A piece in today’s Times:
The country’s former top prosecutor approved a controversial policy for rape cases in an effort to counter bad publicity around four prominent acquittals, campaigners have told judges.
A coalition of women’s groups has claimed that “unlawful” changes to rape prosecution policy led to a “shocking and unprecedented” decline in the rates of cases taken to court.
In a highly unusual move, the Court of Appeal has agreed to hear a judicial review of the Crown Prosecution Service’s policy despite the High Court rejecting an application last year.
The End Violence Against Women coalition says that between 2016 and 2018, senior CPS officials changed the way that cases of alleged rape and serious sexual assaults were considered by prosecutors, leading them to become more risk-averse. The legal challenge argues that those actions were unlawful and led to “systemic illegality”.
In written submissions to the court, lawyers for the coalition said that Dame Alison Saunders, then director of prosecutions, allowed concern over adverse publicity about four failed prosecutions five years ago to colour her thinking when agreeing to the policy change. The lawyers highlighted a comment from Dame Alison’s witness statement in which she said that “adverse publicity around specific cases may have been part of the background to discussions at this time”.
Dame Alison went on to say that a decision to hold a series of roadshows to explain the policy to staff “was based upon the bigger picture consideration of decision making across the CPS in serious sexual offences”.
In their submissions the coalition’s legal team said that “regardless of exactly how these four cases factored into the DPP’s analysis . . . any reliance that was placed upon them to justify the actions was wholly misplaced”.
They claimed that in 2015-16 the CPS completed 4,643 prosecutions and that therefore the four cases resulting in acquittals “represented a total of 0.08 per cent” of cases prosecuted that year.
The CPS is opposing the challenge and says there has been no shift in approach.
Phillippa Kaufmann, QC, representing the applicants, told the three senior judges that up to 2016, prosecutors were told to take an “objective approach” to rape cases. It was “drummed into prosecutors over six years” to use a merits-based approach or MBA to “ensure an evidential-based approach”.

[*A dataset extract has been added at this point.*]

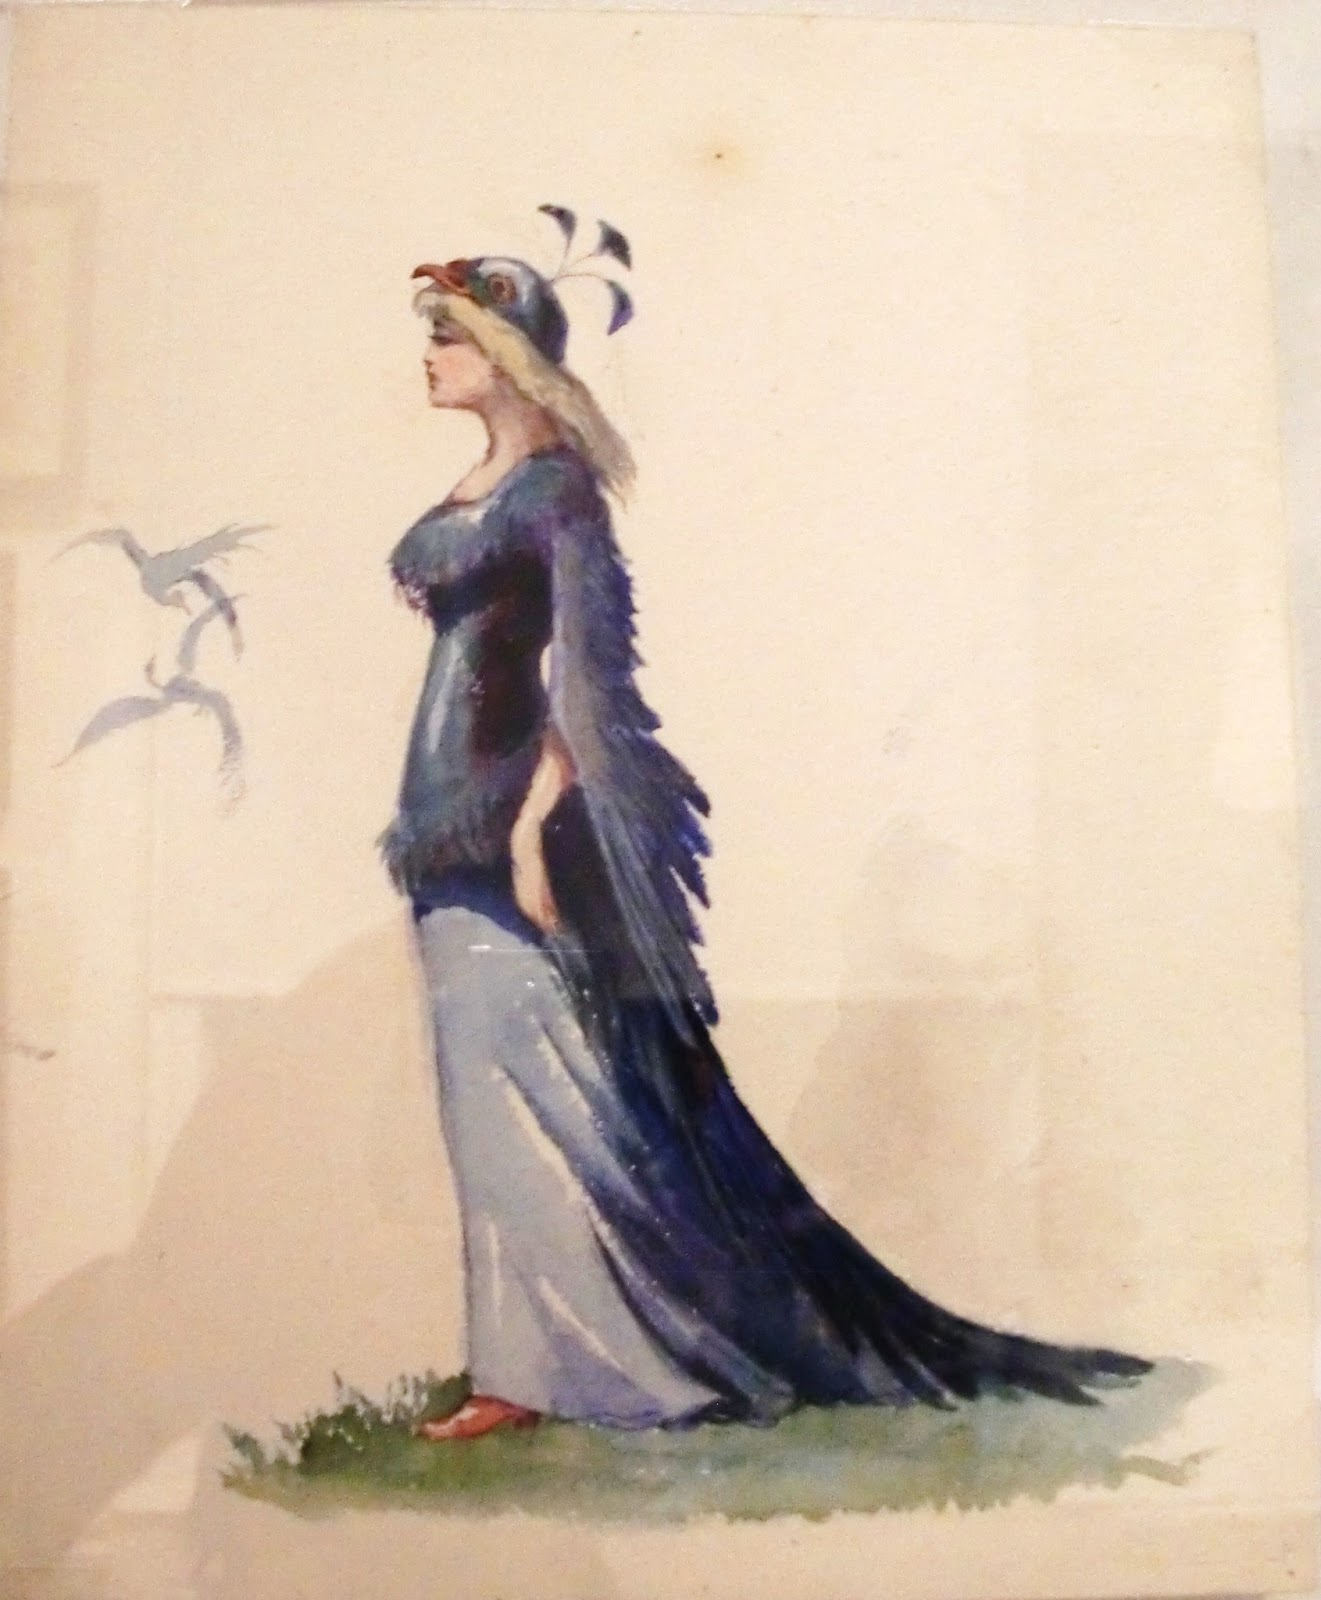 Russian Bird Woman Bird Woman Costume Sketch by
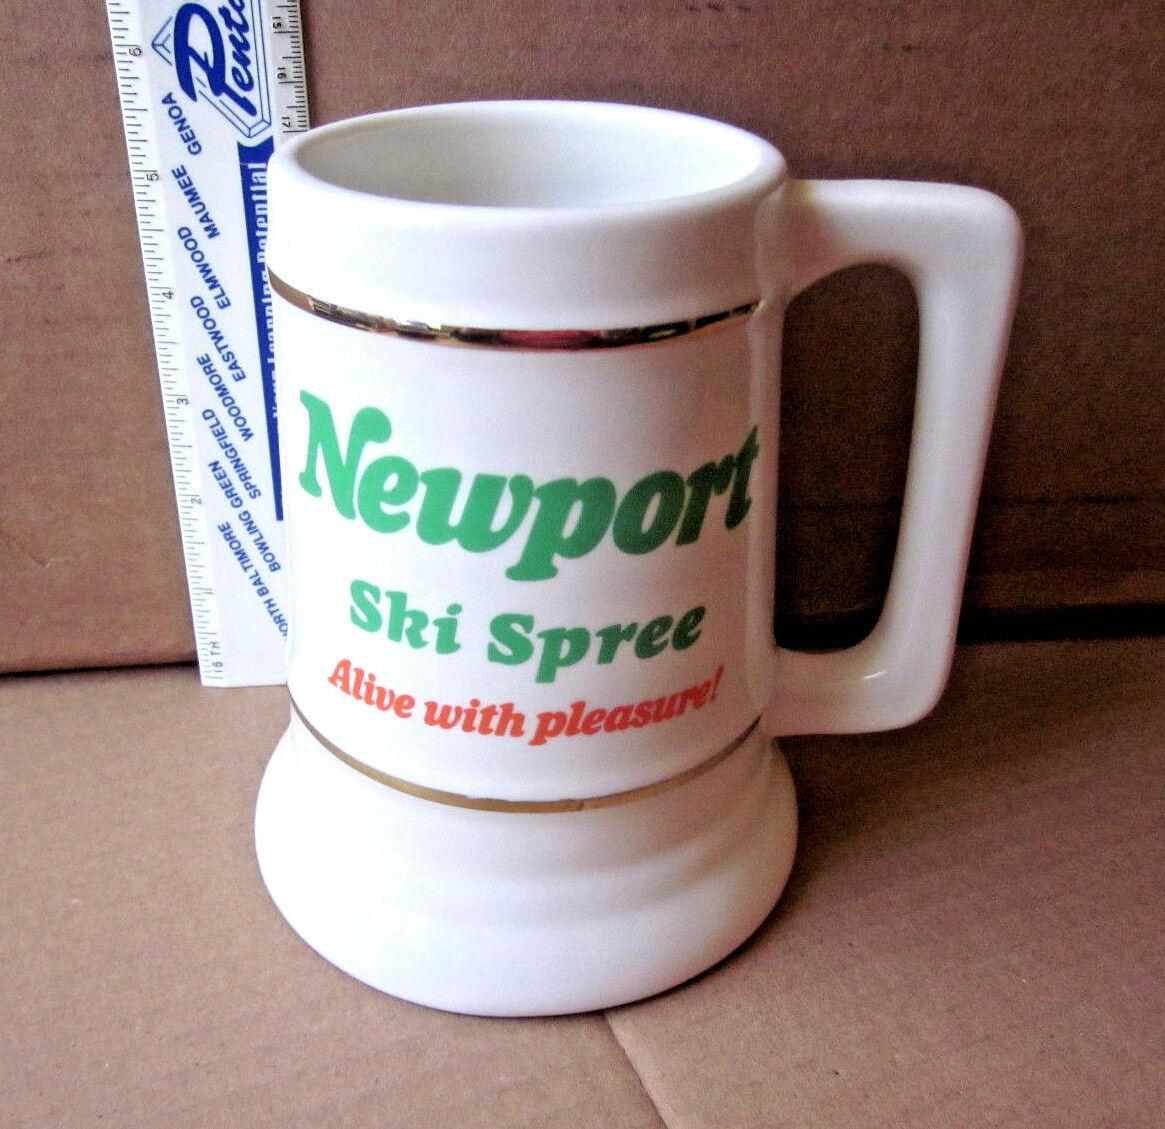 NEWPORT beer stein Ski Spree 1988 menthol cigarettes Dance Contest coffee mug

Ms Kaufmann said that from September 2016 it was decided to take a “fundamentally different course” and “do away” with the MBA, which created a risk that prosecutors ended up not prosecuting cases that did meet legal tests to do so.
She said that from November 2016, prosecutors were “trained away” from the MBA, particularly during the roadshows.
Both the volume of rape cases charged and the charging rate had fallen since 2016-17, she added. Between 2009-10 and 2016-17, an average of 3,446 rape cases were charged each year, slipping to 2,822 in 2017-18.
In addition the charging rate “declined precipitously” from 56 per cent in 2016-17 to 47 per cent in 2017-18 and 34 per cent in 2018-19.
The hearing, before Lord Burnett of Maldon, the lord chief justice, Lord Justice Holroyde and Lady Justice Elisabeth Laing is expected to finish today and judgment is likely at a later date.